Voice & Live Sessions
This guide covers everything you need to build voice-enabled agents with the Gemini Multimodal Live API using gemini-genai-rs.
What is a Live Session?
A Live Session is a full-duplex WebSocket connection to the Gemini API that
supports simultaneous audio/video input and audio/text output. Unlike the
standard generateContent REST API, a Live Session:
- Streams audio bidirectionally (you talk while the model talks)
- Uses server-side VAD (Voice Activity Detection) for turn management
- Supports barge-in (interrupt the model mid-sentence)
- Handles function calling inline with speech
- Maintains conversation context server-side
- Runs for up to ~10 minutes per session (with resumption support)
Audio formats:
- Input: PCM16, 16 kHz, mono
- Output: PCM16, 24 kHz, mono
Quick Start
A minimal live session in under 15 lines:
use gemini_adk_fluent_rs::prelude::*;
#[tokio::main]
async fn main() -> Result<(), Box<dyn std::error::Error>> {
let handle = Live::builder()
.model(GeminiModel::Gemini2_0FlashLive)
.instruction("You are a helpful voice assistant.")
.on_text(|t| print!("{t}"))
.on_turn_complete(|| async { println!() })
.connect_google_ai(std::env::var("GEMINI_API_KEY")?)
.await?;
handle.send_text("What is the capital of France?").await?;
handle.done().await?;
Ok(())
}
This connects to Gemini, sends a text message, prints the streamed response,
and waits for the session to end.
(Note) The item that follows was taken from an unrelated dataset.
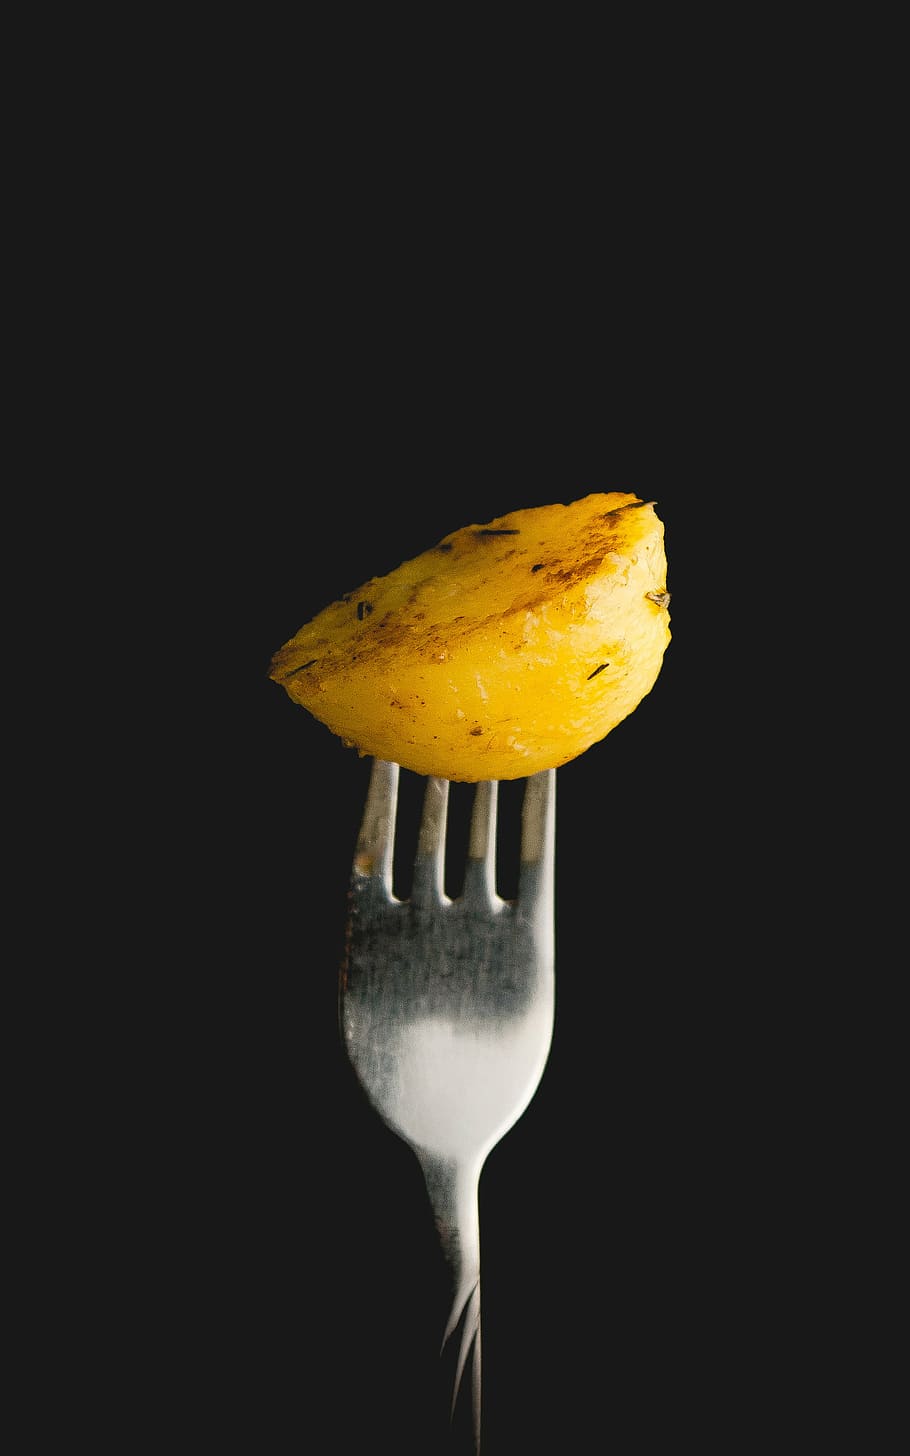 close-up photo, stainless, steel fork, sliced, potato, fried, steel, fork, food, black background

For audio, replace send_text() with
send_audio() and add an on_audio callback.
The Live Builder
Live::builder() returns a chainable builder that configures the entire
session. Here is the full chain with all major options:
let handle = Live::builder()
// Model and voice
.model(GeminiModel::Gemini2_5FlashNativeAudio)
.voice(Voice::Kore)
.temperature(0.7)
.instruction("You are a restaurant order assistant.")
// Tools (auto-dispatched when model calls them)
.tools(dispatcher)
// Audio/transcription config
.transcription(true, true) // input, output
.affective_dialog(true) // emotionally expressive responses
// Server-side VAD
.vad(AutomaticActivityDetection::default())
// Session lifecycle
.session_resume(true)
.context_compression(4000, 2000) // trigger_tokens, target_tokens
// Greeting (model speaks first)
.greeting("Greet the customer and ask what they'd like to order.")
// Fast-lane callbacks (sync, <1ms)
.on_audio(|data| { /* forward to speaker */ })
.on_text(|t| print!("{t}"))
.on_input_transcript(|text, _is_final| { /* display what user said */ })
.on_output_transcript(|text, _is_final| { /* display what model said */ })
.on_vad_start(|| { /* user started speaking */ })
.on_vad_end(|| { /* user stopped speaking */ })
// Telemetry callback (sync, telemetry lane)
.on_usage(|usage| {
if let Some(total) = usage.total_token_count {
println!("Tokens: {total}");
}
})
// Control-lane callbacks (async)
.on_tool_call(|calls, state| async move { None }) // None = auto-dispatch
.on_interrupted(|| async { /* flush playback buffer */ })
.on_turn_complete(|| async { /* turn finished */ })
.on_connected(|writer| async move { /* session ready */ })
.on_disconnected(|reason| async move { /* session ended */ })
.on_error(|msg| async move { eprintln!("Error: {msg}") })
// Connect
.connect_vertex("my-project", "us-central1", access_token)
.await?;
The builder validates configuration at connect time, not at each method call. All methods are optional except the connect method.
Callbacks
Callbacks are split into two categories based on latency requirements.
Fast Lane (Sync)
These fire on the fast lane and must complete in under 1ms. They receive
references (not owned values) and cannot be async.
// Audio: receives zero-copy Bytes (cloning bumps an Arc refcount, not data)
.on_audio(|data: &Bytes| {
playback_tx.send(data.clone()).ok();
})
// Text: incremental deltas as the model generates
.on_text(|text: &str| {
print!("{text}");
})
// Text complete: full text when model finishes a text response
.on_text_complete(|text: &str| {
println!("\nComplete: {text}");
})
// Transcription: text version of audio (input or output)
// Second parameter is `is_final` (true when transcription is finalized)
.on_input_transcript(|text: &str, is_final: bool| {
if is_final { println!("User said: {text}"); }
})
// VAD: voice activity detection events from the server
.on_vad_start(|| { /* user started talking */ })
.on_vad_end(|| { /* user stopped talking */ })
// Usage metadata: token counts from the server (fires on telemetry lane)
.on_usage(|usage: &UsageMetadata| {
if let Some(total) = usage.total_token_count {
println!("Total tokens: {total}");
}
// Also available: prompt_token_count, response_token_count,
// cached_content_token_count, thoughts_token_count,
// tool_use_prompt_token_count, plus per-modality breakdowns
})
Control Lane (Async)
These fire on the control lane and can perform I/O, state access, or any async work. They block the control lane while running (other control events queue behind them).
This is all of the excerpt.